I also looked through the posted link and found this workaround (posted by you). But unfortunatly it is also not reliable. Same problem as above, but here for all kind of chars. The first (and only the first) entered char after a letter doesn't change the reverse engineered Position. The method also bugs for inserted Text via CnP.

So, what to do? Such a simple thing should be possible somehow, right?

2mQ
Coordinator
Sep 2, 2013 at 11:53 PM
Works for me...
// Update the text box when the caret moves
scintilla.NativeInterface.UpdateUI += (s, e) =>
{
    int byteOffset = scintilla.CurrentPos;

    // TODO Cache this and get creative or this will slow down your application
    Range range = scintilla.GetRange(0, byteOffset);
    int charOffset = range.Text.Length;

    textBox.Text = "Byte: " + byteOffset + "; Character: " + charOffset;
};
Jacob
Sep 4, 2013 at 9:45 PM
Hm,

ok I only checked this Event and the workaround seperatly (the workaround only with TextChanged and SelectionChanged). Both together do work. I don't understand how thats possible but ok.

Thank you very much for your detailed answers and this solution.
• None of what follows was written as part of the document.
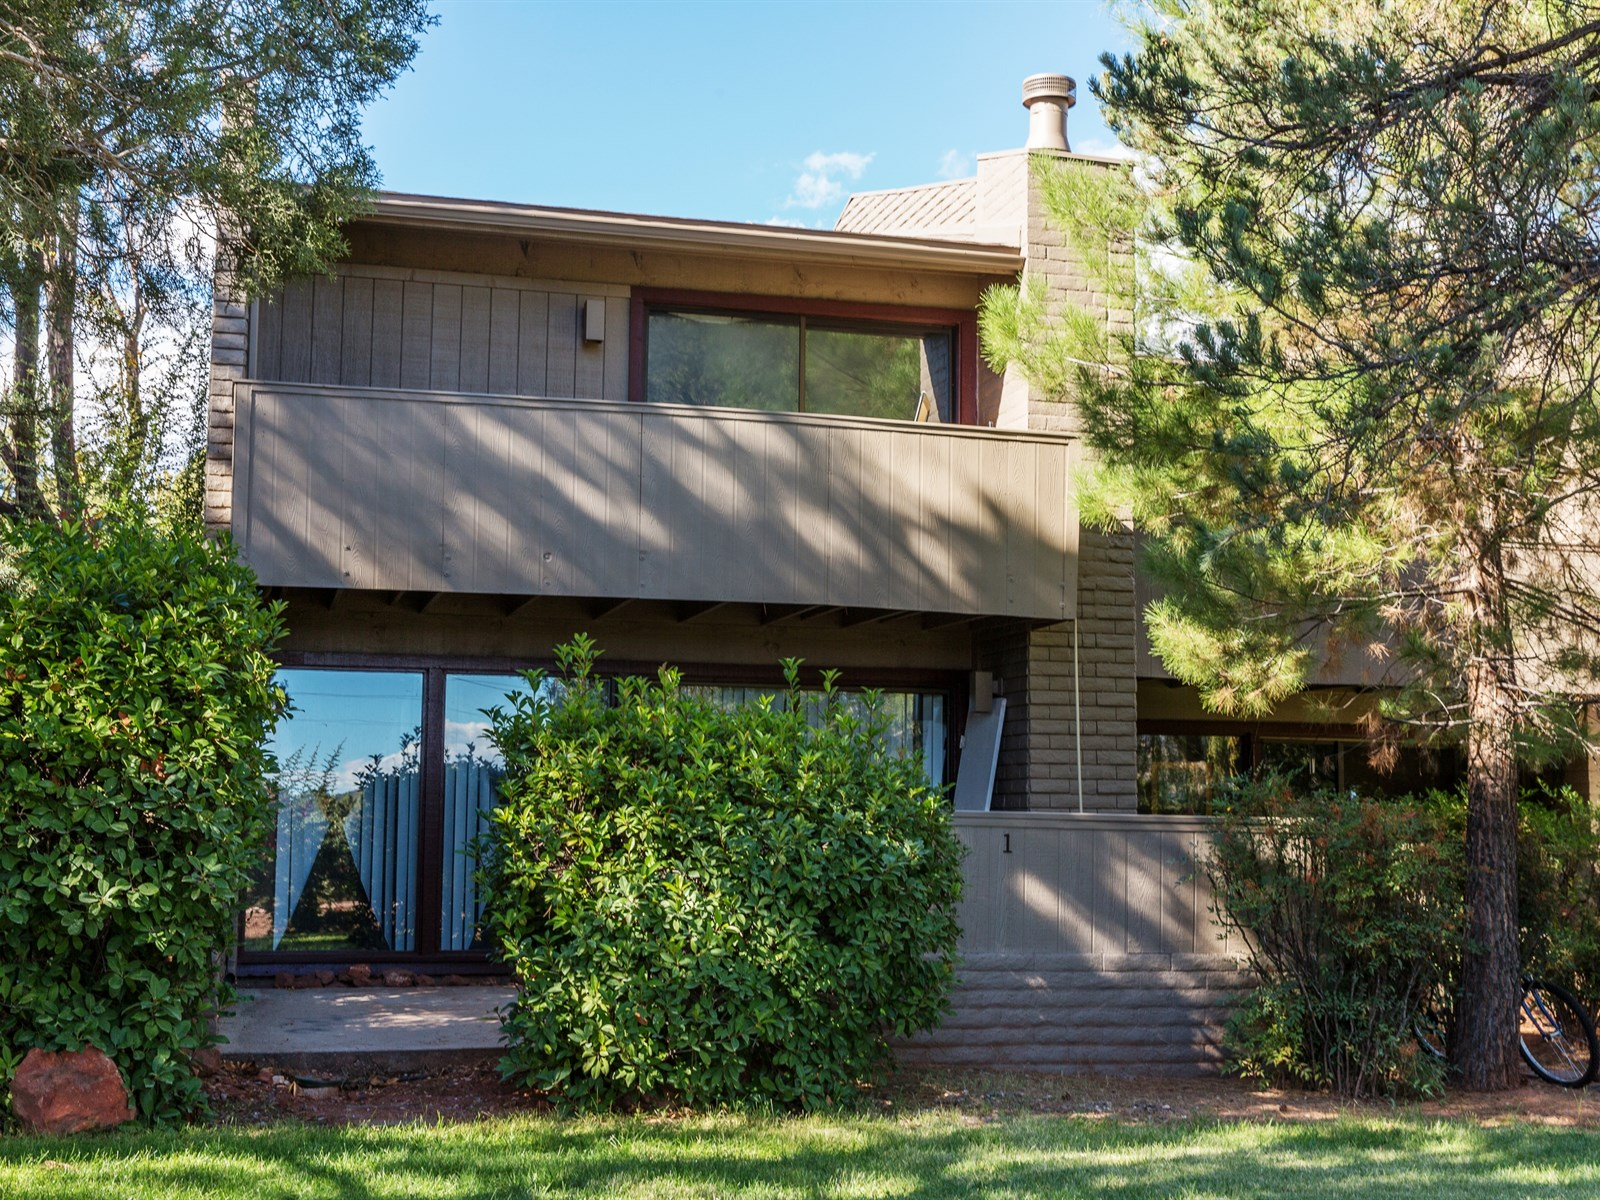 Nhà chung cư vì Bán tại Two Bed Two Bath Condo 3340 W State Route 89a Sedona, Arizona, 86336 Hoa Kỳ

Just one more question, what do you mean with "TODO Cache this and get creative or this will slow down your application"? Didn't you already cache the position in the local variable charOffset?

2mQ
Coordinator
Sep 4, 2013 at 11:20 PM
Edited Sep 4, 2013 at 11:26 PM
Glad you got things worked out...

My suggestion to cache the character offset is because the approach I showed you is expensive. Under the hood, ScintillaNET is copying the bytes of the selected range out of the native Scintilla control and into managed memory. From there it converts the bytes from UTF-8 format used by Scintilla into a .NET compatible UTF-16 string format. That's a lot of memory copying, and if you plan on doing that every time the caret changes position I have no doubt you will see the performance hit. My suggestion is to cache it so you don't do that every time the cursor changes position. For example, you might:

• Store the last position (or several) in a byte-to-character mapping table and, assuming the document contents haven't changed, just lookup your pre-calculated value. Or if you get creative, detect what type of document change occurred and only update the rows in your table that need to be re-computed.

• Calculate the character position of the text up to the line above where the caret currently is. Then you would only have to calculate it from the start of the current line to the caret position and add it to your already calculated value.
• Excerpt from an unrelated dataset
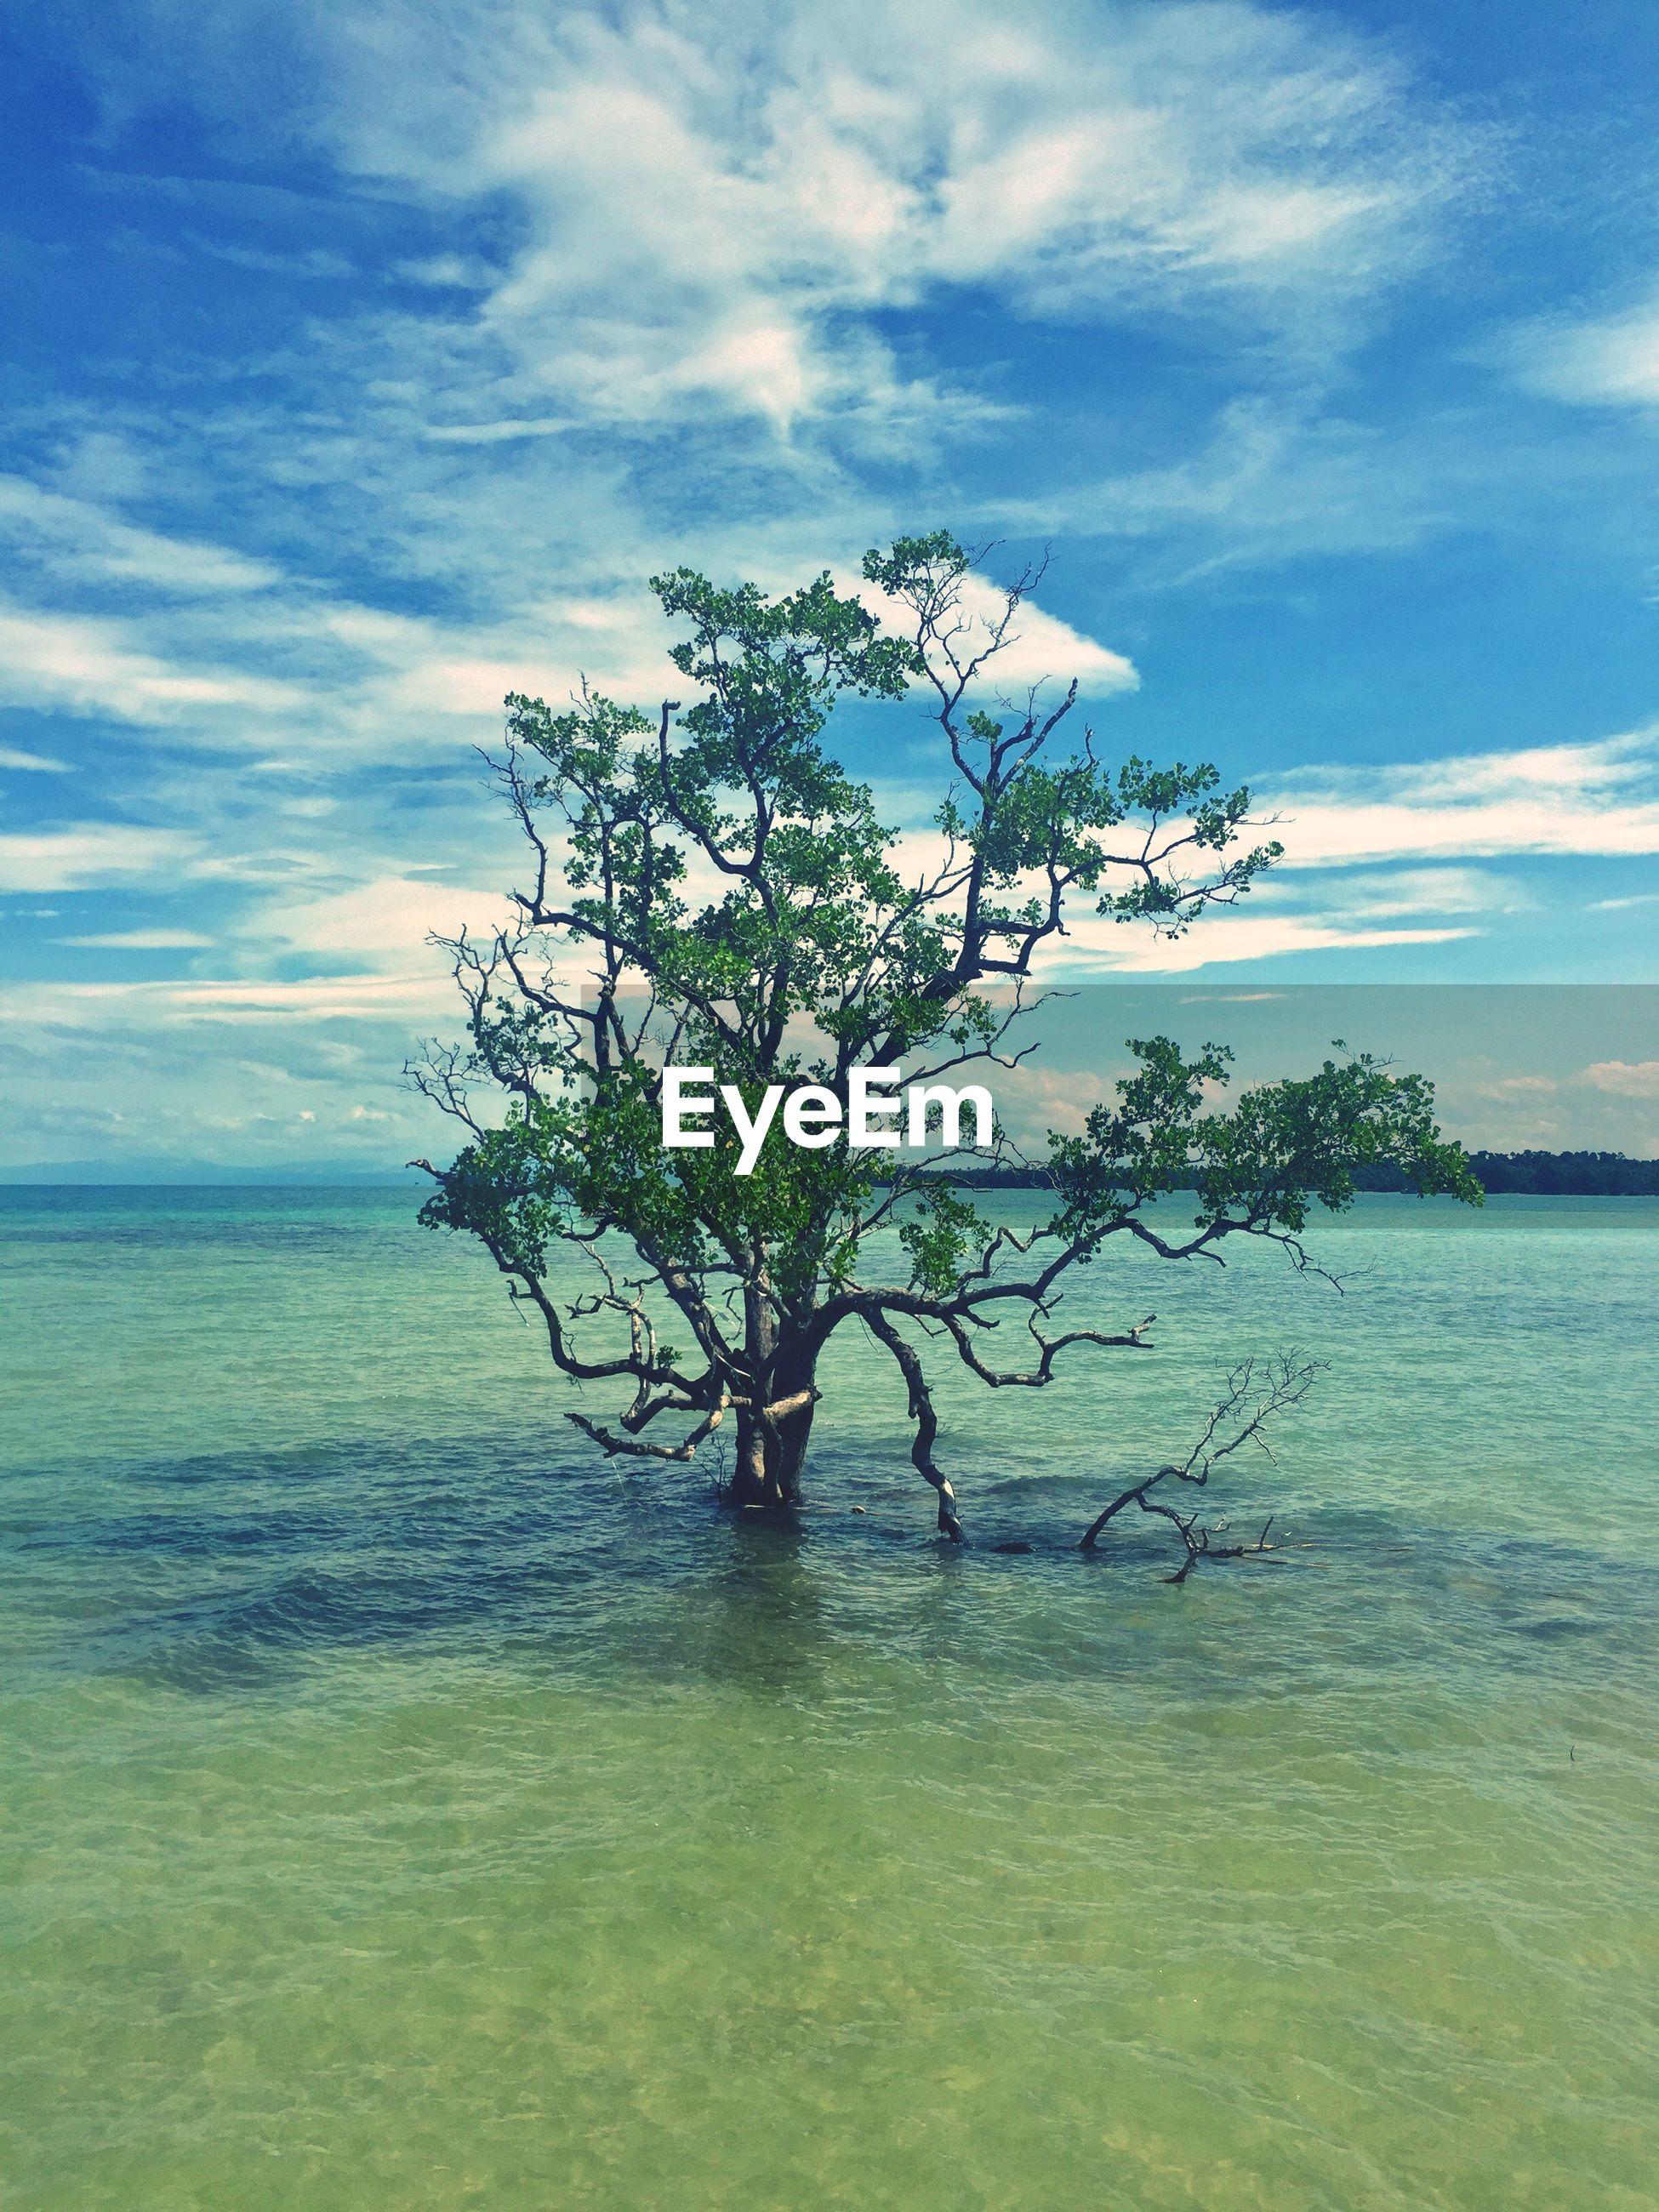 TREE ON SHORE AGAINST SKY

• Scintilla does also provide some more advance ways of getting direct access to the internal memory buffer. You might look into accessing the bytes directly and doing your own conversion from UTF-8 to speed up the process and eliminate an intermediate copy.

• Change your application so it doesn't have to update the current position in real-time. :)

• etc...


Jacob

P.S. - The UpdateUI event fires frequently and not just because of caret position changes. It will fire every time the window gets painted (by resizing or obscuring it behind another window). It will fire every time the screen is scrolled. It will fire when the document gets restyled (colorized). etc... The first step in optimizing any code in the UpdateUI event is to determine if the caret has even changed positions at all.